OOH is growing, but the bigger story is why advertisers continue investing in it.
As digital channels become more crowded and consumer attention becomes harder to capture, brands are placing greater value on media environments tied to real-world behavior. The latest available OAAA data and 2026 industry forecasts suggest that shift is accelerating.
For advertisers, agencies, property owners, and retail media buyers, the takeaway is clear: the physical world is becoming a more flexible, measurable, and valuable part of the modern media mix.
Digital out-of-home continues to help drive that growth. DOOH represented more than 34% of total Q1 2025 OOH spend and grew 9% year over year, reinforcing how digital formats are expanding the category's flexibility, creative potential, and relevance for advertisers.
The 2026 outlook points to continued expansion. Industry forecasts project U.S. OOH spending to top $10 billion in 2026, with digital formats, programmatic buying, and in-store retail media expected to become increasingly important parts of the market.
For years, digital media gave advertisers speed, scale, and targeting. But as feeds become more saturated, brands are looking for channels that can create visibility in the real world, closer to where people live, shop, dine, commute, wait, and make decisions.
That is where OOH and DOOH continue gaining relevance.
DOOH is projected to reach roughly $4 billion in 2026, nearly doubling from 2021 levels. Programmatic OOH is also projected to cross $1 billion, showing that advertisers want the physical-world impact of OOH with more of the flexibility and automation they expect from digital media.
For brands, that combination matters. DOOH can support broad awareness, local market activation, creative flexibility, audience targeting, and real-world visibility in environments that are difficult to skip, block, or scroll past.
The next phase of OOH growth will not be defined by visibility alone. It will be defined by context.
Advertisers are not only asking where an ad will appear. They are asking who will see it, what they are doing in that moment, and why that environment matters.
A consumer waiting at a car wash is in a different mindset than someone walking through a retail corridor. A person sitting in a restaurant is experiencing a different moment than someone passing a storefront, visiting a gym, or entering a beauty and wellness destination.
The value of DOOH is increasingly tied to audience quality, dwell time, location relevance, and how naturally the media fits into the environment. For advertisers, this creates an opportunity to plan around real consumer behavior rather than impressions alone.
Retail media is one of the clearest examples of where the market is heading.
Retail media is no longer limited to e-commerce websites, loyalty programs, or checkout screens. It is expanding into physical environments where consumers shop, dine, move, wait, and make decisions.
For advertisers, that creates access to real audiences in environments tied directly to behavior.
For property owners, retailers, and venue operators, it creates a new way to think about physical space. A location can be more than a storefront, restaurant, salon, gym, car wash, or shopping center. It can also become a media asset.
That shift is especially important as in-store and place-based retail media continue growing.
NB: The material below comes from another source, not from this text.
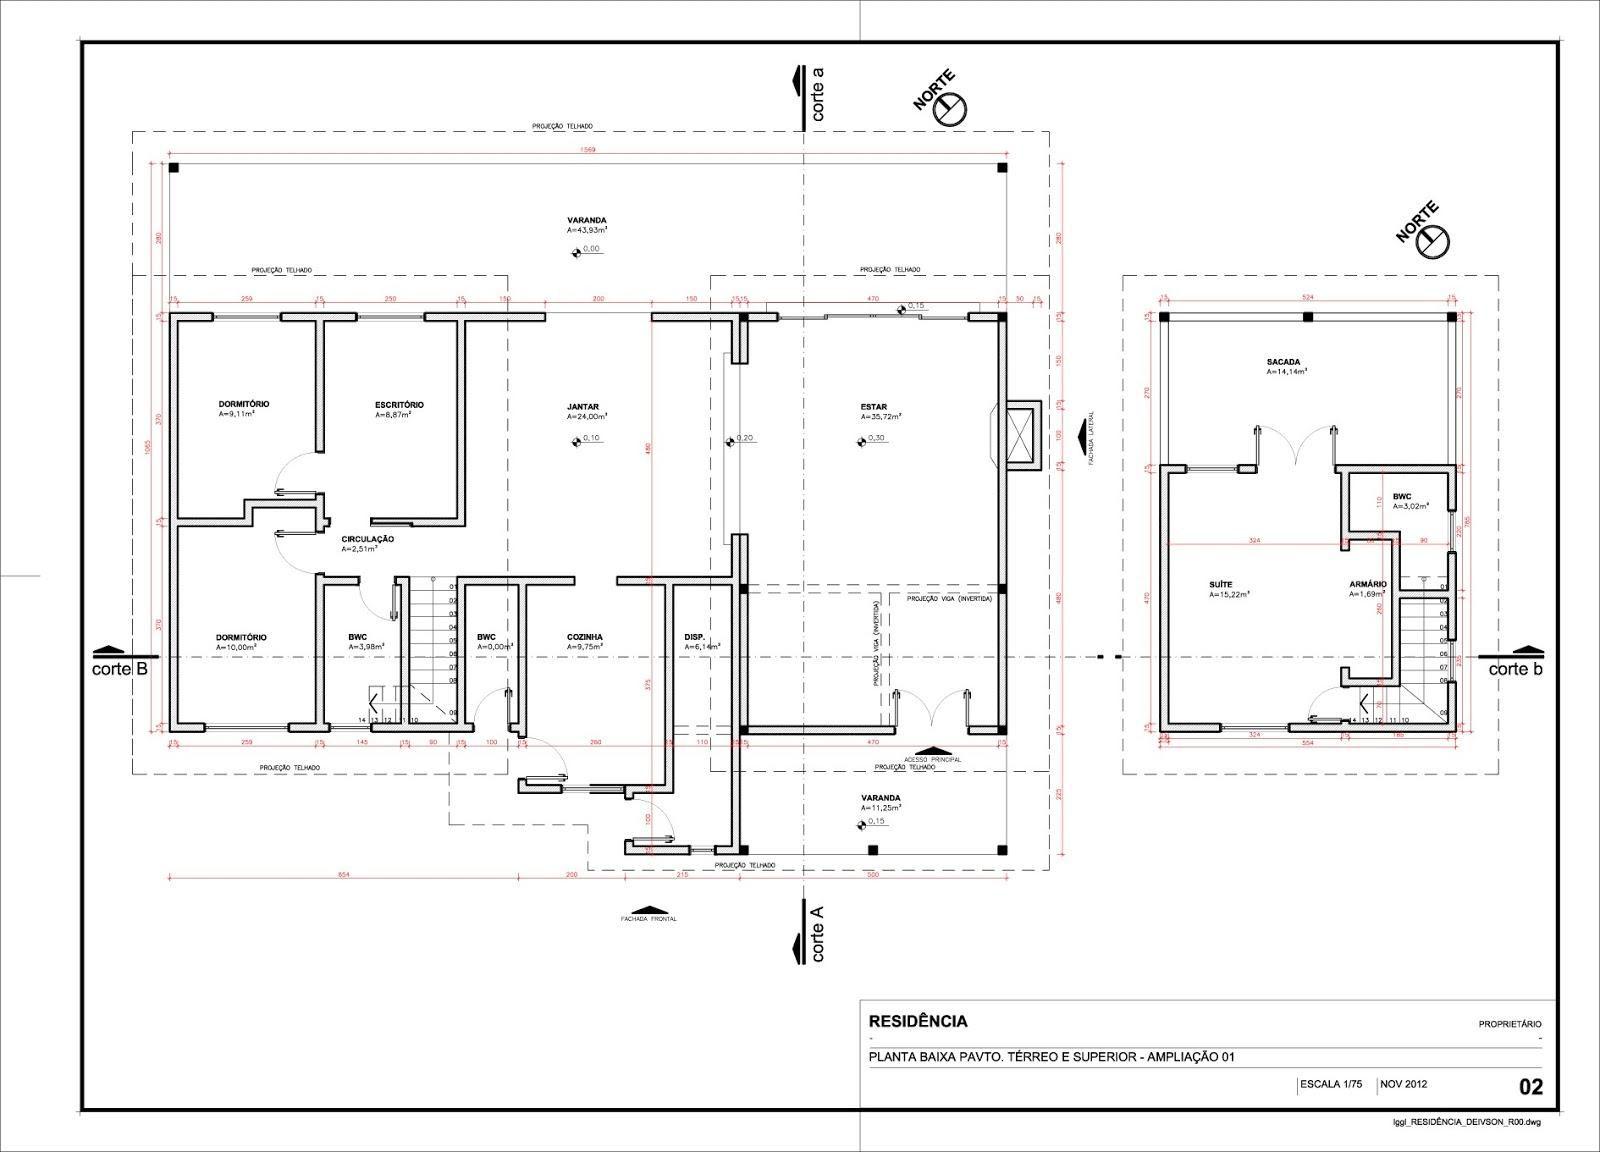 Projeto arquitetônico de ampliação de uma residência em Cad (2D #765555 1600 1152

As more advertiser demand moves toward environments closer to consumer decision-making, physical venues have an opportunity to participate in the media economy in a more meaningful way.
The strongest media strategies are no longer built around one channel. They are built around how audiences move across channels, environments, and moments throughout the day.
OOH helps brands connect with consumers outside the digital feed. DOOH adds flexibility, creative rotation, and more dynamic activation. Retail media brings brands closer to environments where people are already shopping, browsing, waiting, and deciding.
Together, these shifts are creating a more connected version of real-world advertising.
For brands and agencies, the opportunity is to use OOH not as a separate channel, but as part of a broader media strategy that connects digital campaigns with physical-world attention.
For local and regional businesses, it creates a way to reach nearby audiences in high-traffic environments with the sophistication of digital media.
For property owners and venue partners, it creates a way to unlock new value from existing real estate.
But the biggest opportunity ahead is not just growth. It is smarter growth.
As DOOH expands, programmatic buying accelerates, and retail media moves deeper into physical environments, advertisers will need networks that make the physical world easier to understand, buy, and measure.
The brands that use real-world environments strategically will be better positioned to capture attention where consumers actually spend their time.
And as OOH, DOOH, and retail media continue converging, the value of physical space as a media channel will only become harder to ignore.